"How old a man was he?" asked Dick.

"I don't know whether he was a man or a boy."

"Is your eyesight failing, Dave?" asked Tom.

"I haven't eyes in the back of my head," snapped Darry. "Say, aren't you fellows going to hurry up and free me?"

"Can't you free yourself?" suggested Reade.

"If I could have done that I'd now be ranging these woods in search of the perpetrator of this outrage," Darry declared. "Hurry up and untie me!"

"We will, but please be patient for a moment or two longer," begged young Prescott. "This is such a cleverly artistic job that I want to study out just how it was done. How did the fellow attack you?"

"From behind," muttered Darry.

"But how?"

"Wait, and I'll tell you," Dave went on, forcing himself to talk a trifle more calmly. "When I'm free I'll show you the spot over there, in the thicket between the two clumps of bushes.
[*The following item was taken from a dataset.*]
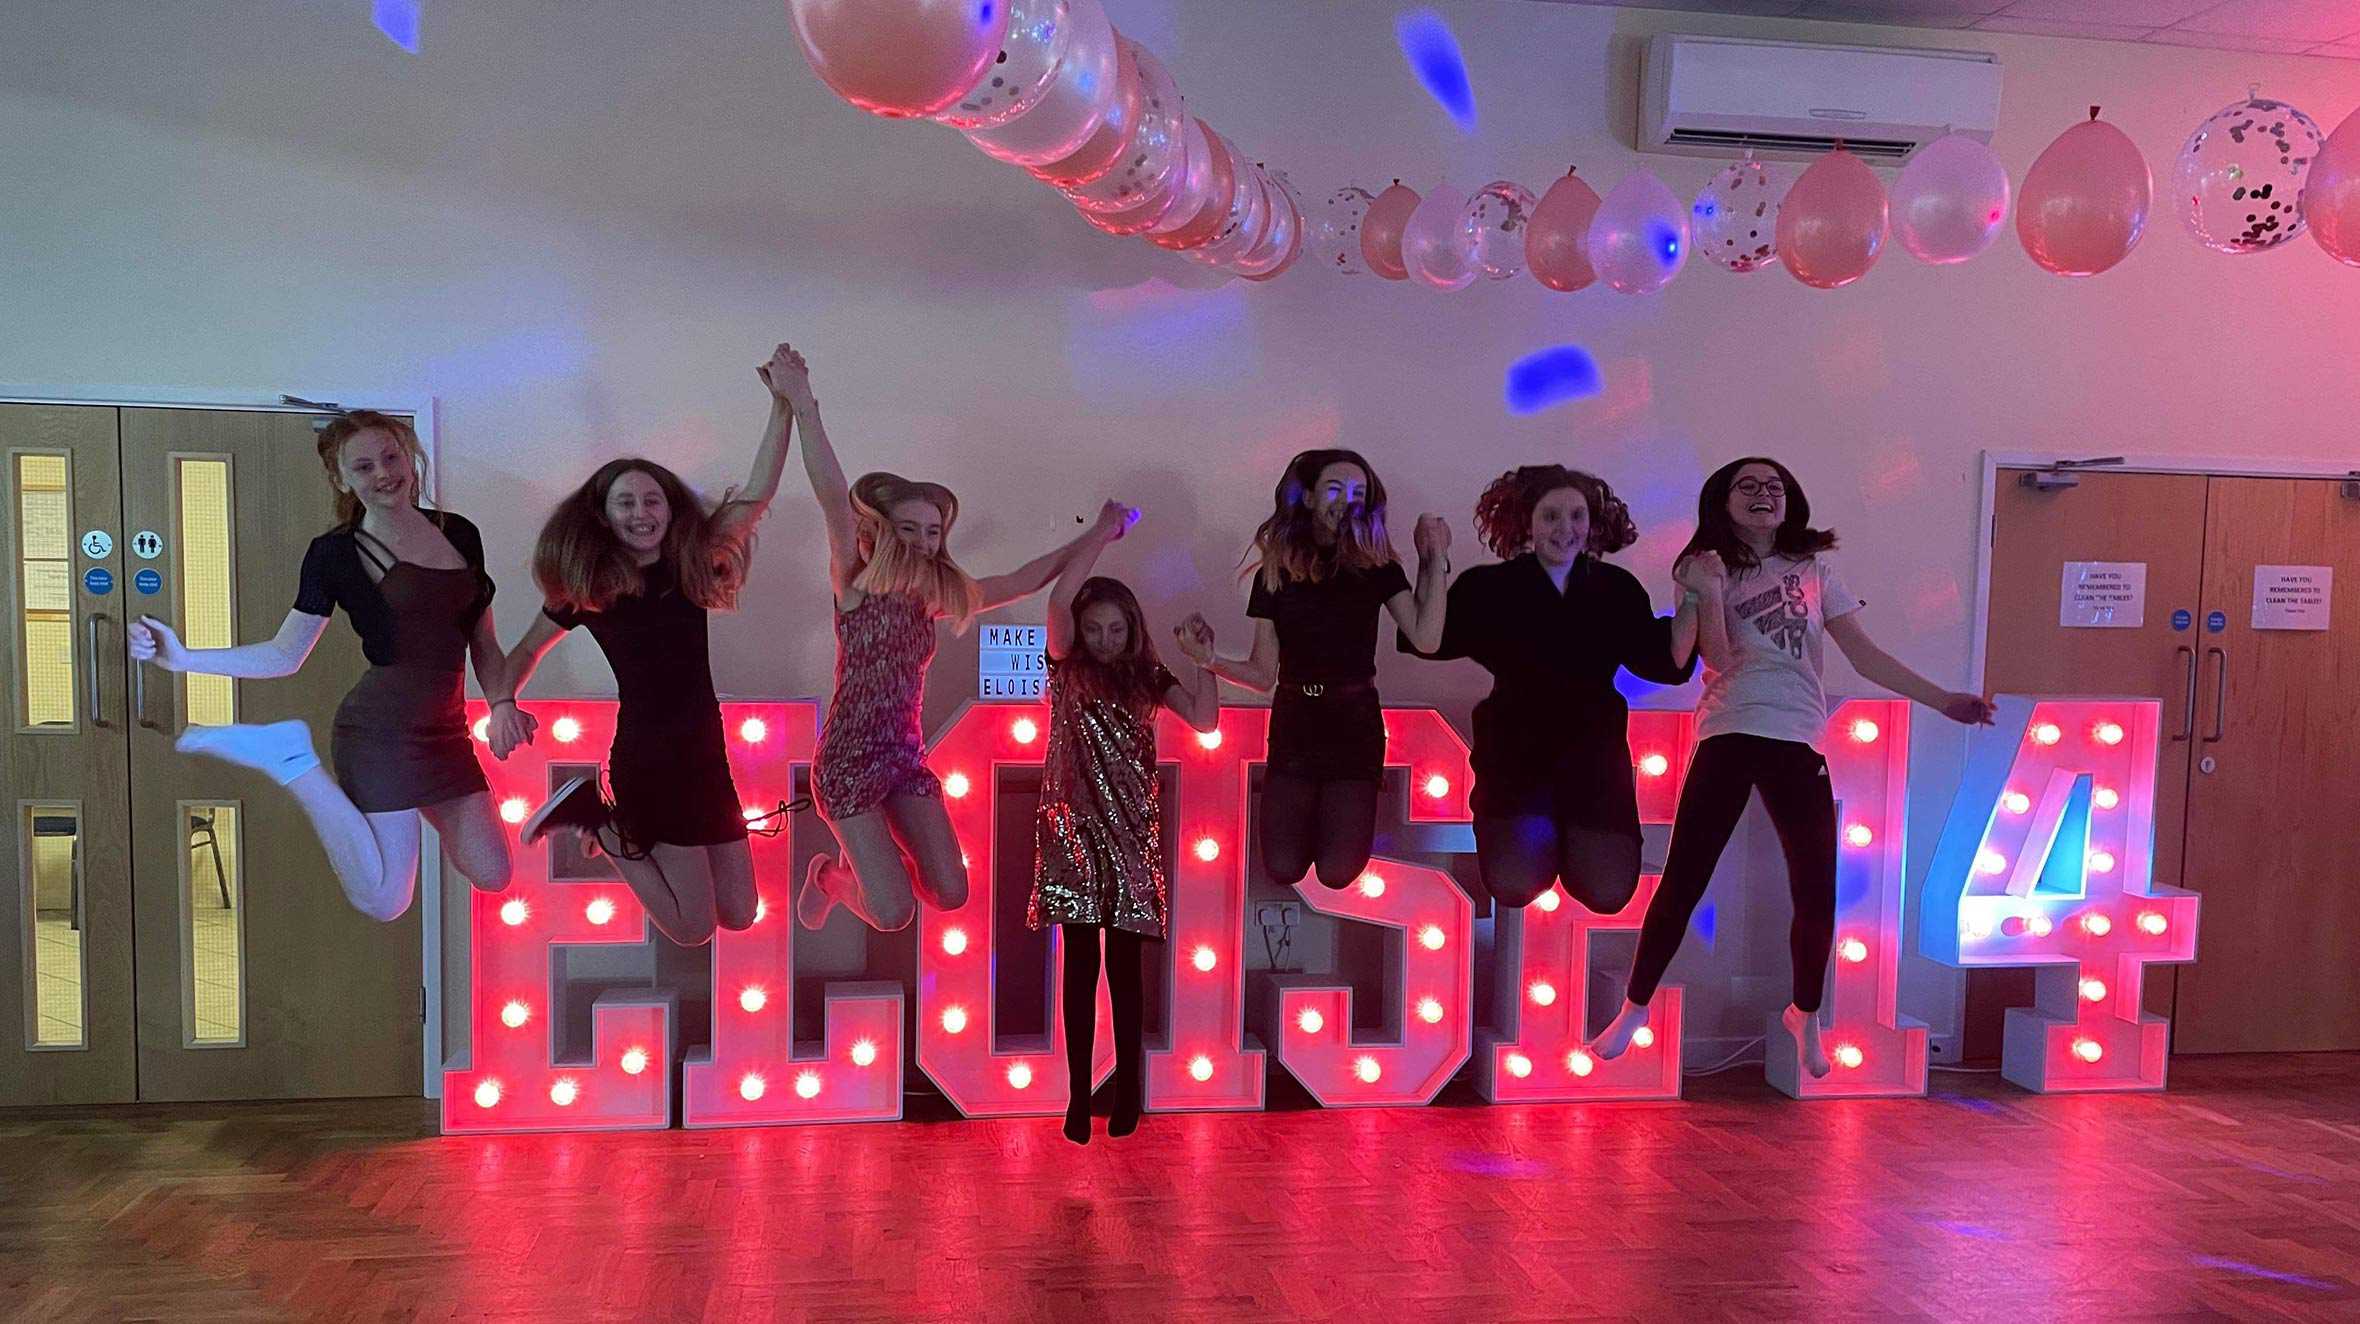 Eloise and her friends jumping in the air in front of her name, spelled out in large pink light up letters.

Well, I had gotten this far when I saw the missing steaks. They rested on a tin pan on the ground in the thicket. It looked as though the thief of our supper had gone away to get water or something. I had just stepped, on tiptoe, of course, past this tree when I heard a soft step behind me. Before I could turn, the noose was dropped over my head, and then down on my neck. It was jerked tight, like a flash, and I was pulled against this tree. The fellow took some kind of hitch around the trunk of the tree to hold me——-"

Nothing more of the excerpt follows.